Dazu sollten Leistungsgruppen genauer definiert und mit einheitlichen Qualitätsvorgaben versehen werden, die Bund und Länder erst noch gemeinsam erarbeiten mussten. Bis dahin war vorgesehen, die Vorhalteanteile auf 60 Prozent der DRG-Vergütung festzulegen. Eine Bund-Länder-Gruppe sollte über den Sommer einen Gesetzentwurf erarbeiten; das Inkrafttreten war für Anfang 2024 geplant, mit schrittweiser Umsetzung. Eine Einordnung lieferte damals auch die Berichterstattung zur Krankenhausreform.

CareShare 13: Ein Think Tank entwirft ein neues Gesundheitssystem

CareShare 13 ist ein Vorschlag des Instituts für Pflege, Altern und Gesundheit (IPAG), eines eingetragenen Vereins, der sich selbst als Think Tank für eine menschenzentrierte und hochwertige Versorgung versteht. Der Name spielt darauf an, dass es in Deutschland bislang kein dreizehntes Sozialgesetzbuch gibt – diese Lücke will das Konzept füllen. Auf 53 Seiten Positionspapier wird CareShare 13 als Architektur für ein zeitgemäßes Gesundheitssystem beschrieben.

Das IPAG benennt vier Hauptprobleme: erstens eine starke Ärzt:innenzentrierung, die interprofessionelle Zusammenarbeit erschwere, weil andere Gesundheitsberufe im System kaum abgebildet seien. Zweitens fehlende regionale Governance-Strukturen, die Versorgungsbedarfe sozialraumbezogen planen und sicherstellen könnten. Drittens die Pflegeversicherung (SGB XI), die nach Auffassung der Autor:innen eine Deprofessionalisierung der Pflege auslöse, sie unterfinanziere und pflegende Angehörige – meist Frauen – systematisch in Überforderung treibe. Viertens die Dualität aus gesetzlicher und privater Krankenversicherung, die eine solidarische Finanzierung verhindere.

Als Konsequenz schlägt das IPAG vor, ein neues Sozialgesetzbuch XIII zu schaffen, das die berufliche Pflege umfasst, die bisherige Pflegeversicherung im SGB XI abzuschaffen und das SGB V zu entkernen. Konkret stehen drei Bausteine im Raum: regionale CareShare-Verbünde als Steuerungsebene der Versorgung, die Arbeit in medizinisch-pflegerischen Tandems ohne ärztlichen Vorbehalt für pflegerische Tätigkeiten sowie eine solidarisch und gemeinwohlorientiert ausgerichtete Mischfinanzierung aus Beiträgen, Steuermitteln und Selbstbeteiligungsmodellen.

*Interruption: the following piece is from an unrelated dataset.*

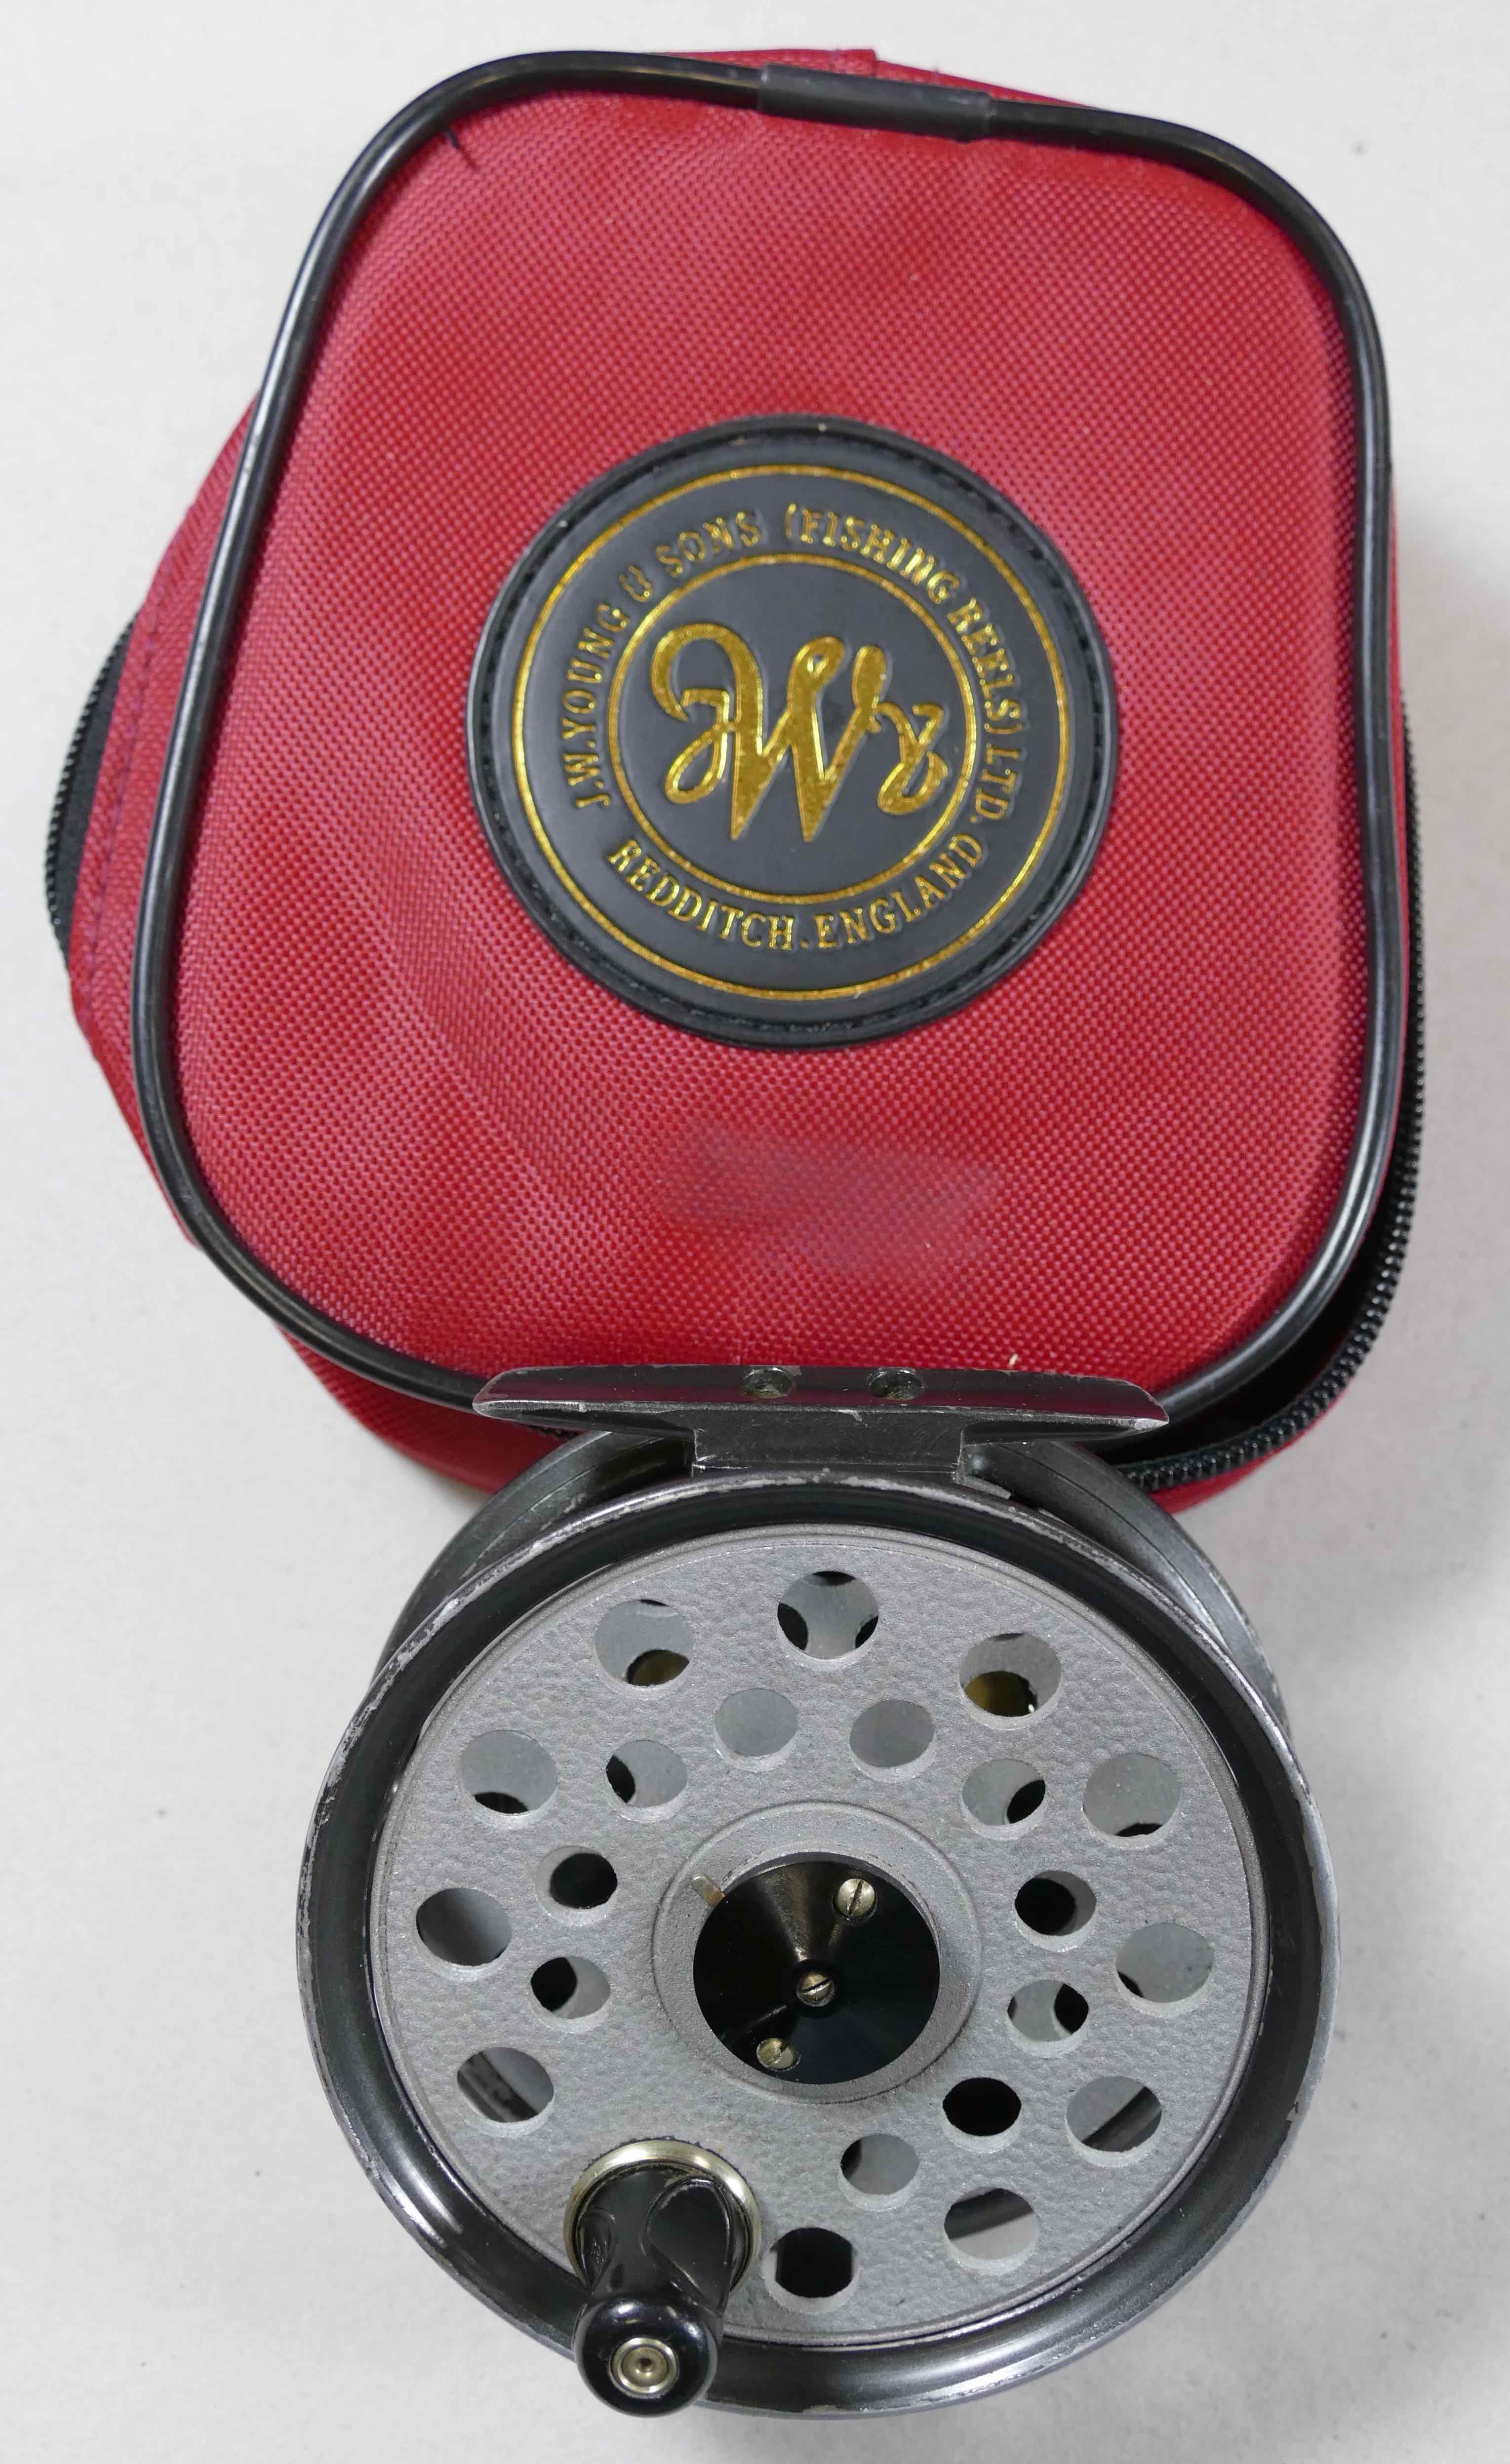 J. W. Young Pridex dual pawl fly reel in very good shape - $75.00
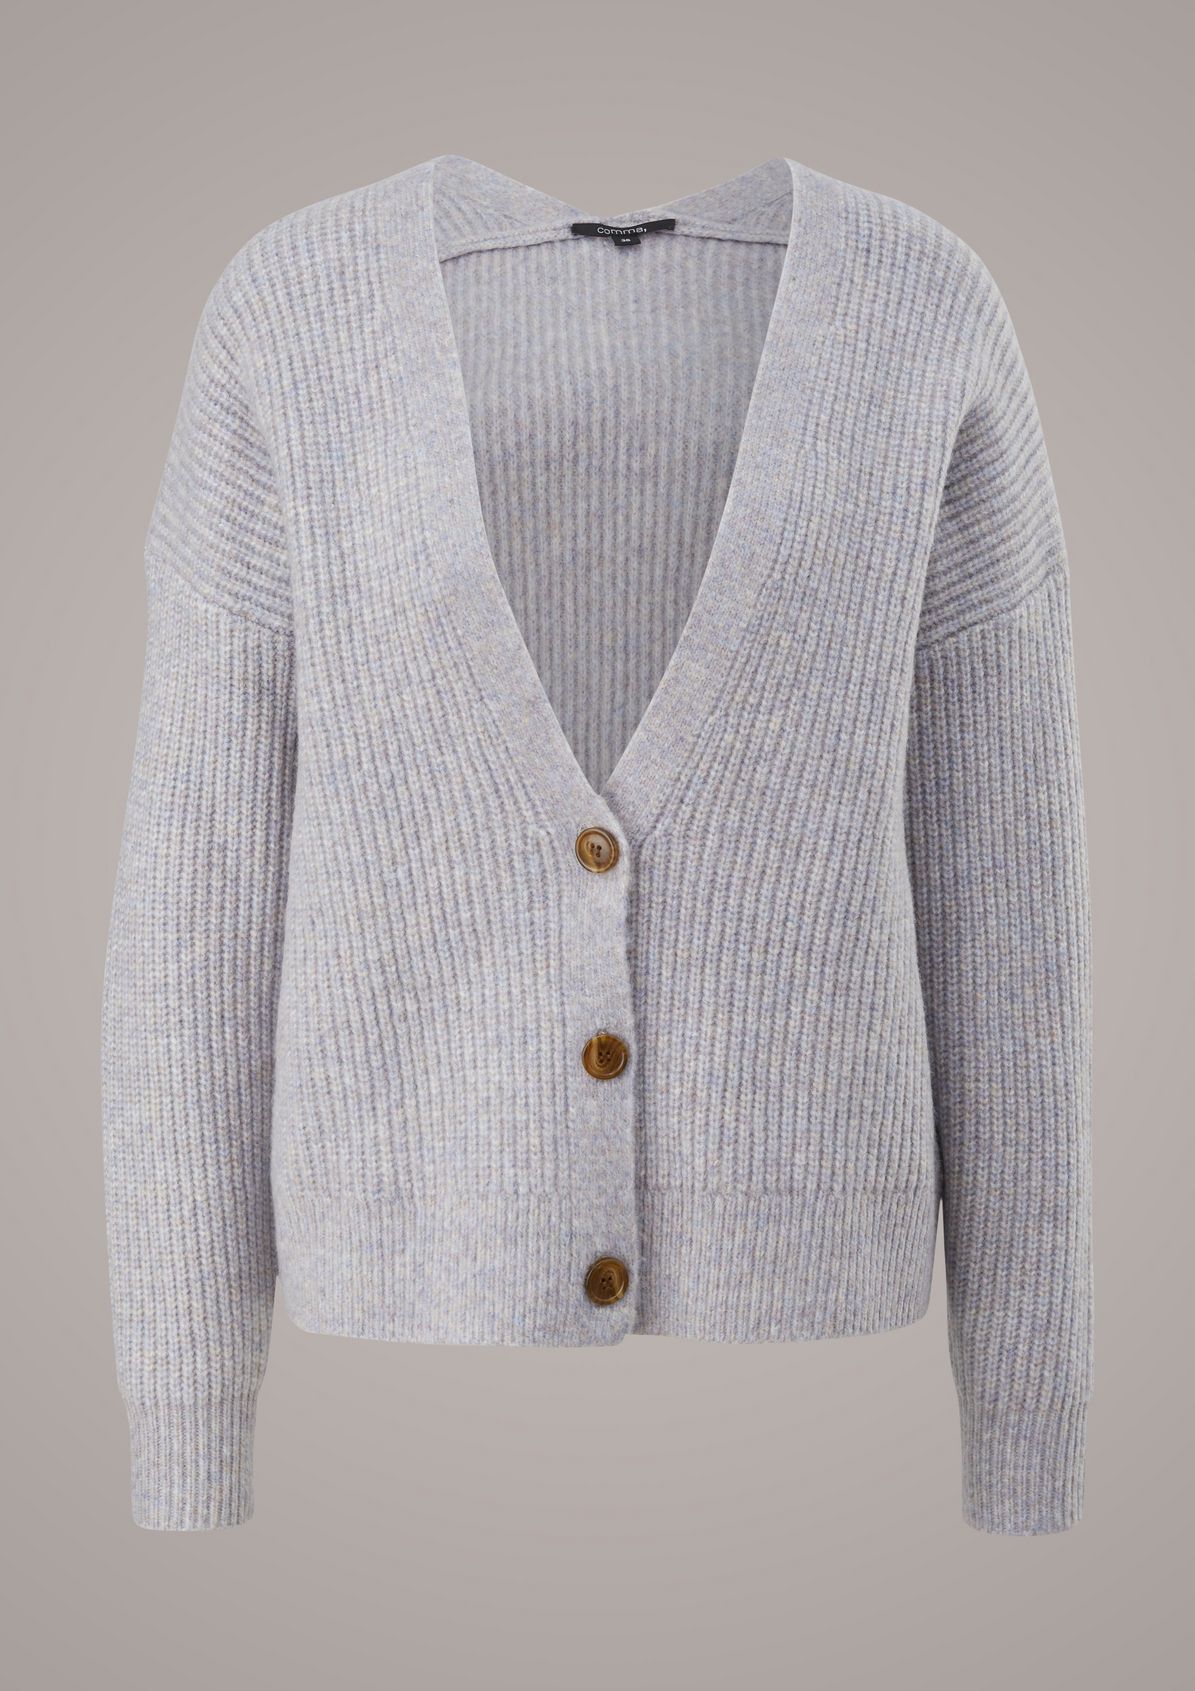 Cardigan in soft blended wool from comma

Beteiligt sind bekannte Stimmen aus dem pflegerischen Feld, darunter Martina Hasseler, Sabine Brase und Annemarie Fajardo sowie weitere Personen aus Wissenschaft, Praxis und Management. Wichtig zur Einordnung: Es handelt sich um den Entwurf eines Think Tanks – politische Bestrebungen in diese Richtung lagen zum Zeitpunkt der Folge nicht vor.

Kurznachrichten

Neues Ersteinschätzungsverfahren in Notaufnahmen: Der Gemeinsame Bundesausschuss (G-BA) hat eine Richtlinie beschlossen, nach der ab Juni 2024 eingeschätzt werden soll, ob Patient:innen innerhalb von 24 Stunden ambulant im Krankenhaus oder in einer KV-Notdienstpraxis versorgt oder stationär aufgenommen werden müssen. Ist keine Versorgung innerhalb von 24 Stunden nötig, sollen Betroffene per Code einen Termin in einer Vertragspraxis erhalten. Die vom G-BA verabschiedete Richtlinie zur Ersteinschätzung stieß auf geteiltes Echo: Während Vertreter:innen der Krankenhausärzt:innen die Sorge äußerten, Notaufnahmen würden zu einer Terminservicestelle für Termine, die es nicht gebe, sah der G-BA-Vorsitzende darin eine praktische Übergangslösung bis zu den Strukturveränderungen der Krankenhausreform.

ICN-Kongress in Montreal: Vom 1. bis 5. Juli 2023 tagte der International Council of Nurses (ICN) in Kanada. Thema war der weltweite Mangel an Pflegefachpersonen – Schätzungen zufolge fehlen bis zu sechs Millionen. Gewarnt wurde davor, freie Stellen mit schlechter qualifiziertem Assistenzpersonal aufzufüllen – ein Trend, der auch in Deutschland sichtbar ist. WHO und ICN kündigten für 2025 einen zweiten Bericht zur Lage der Pflegefachpersonen an.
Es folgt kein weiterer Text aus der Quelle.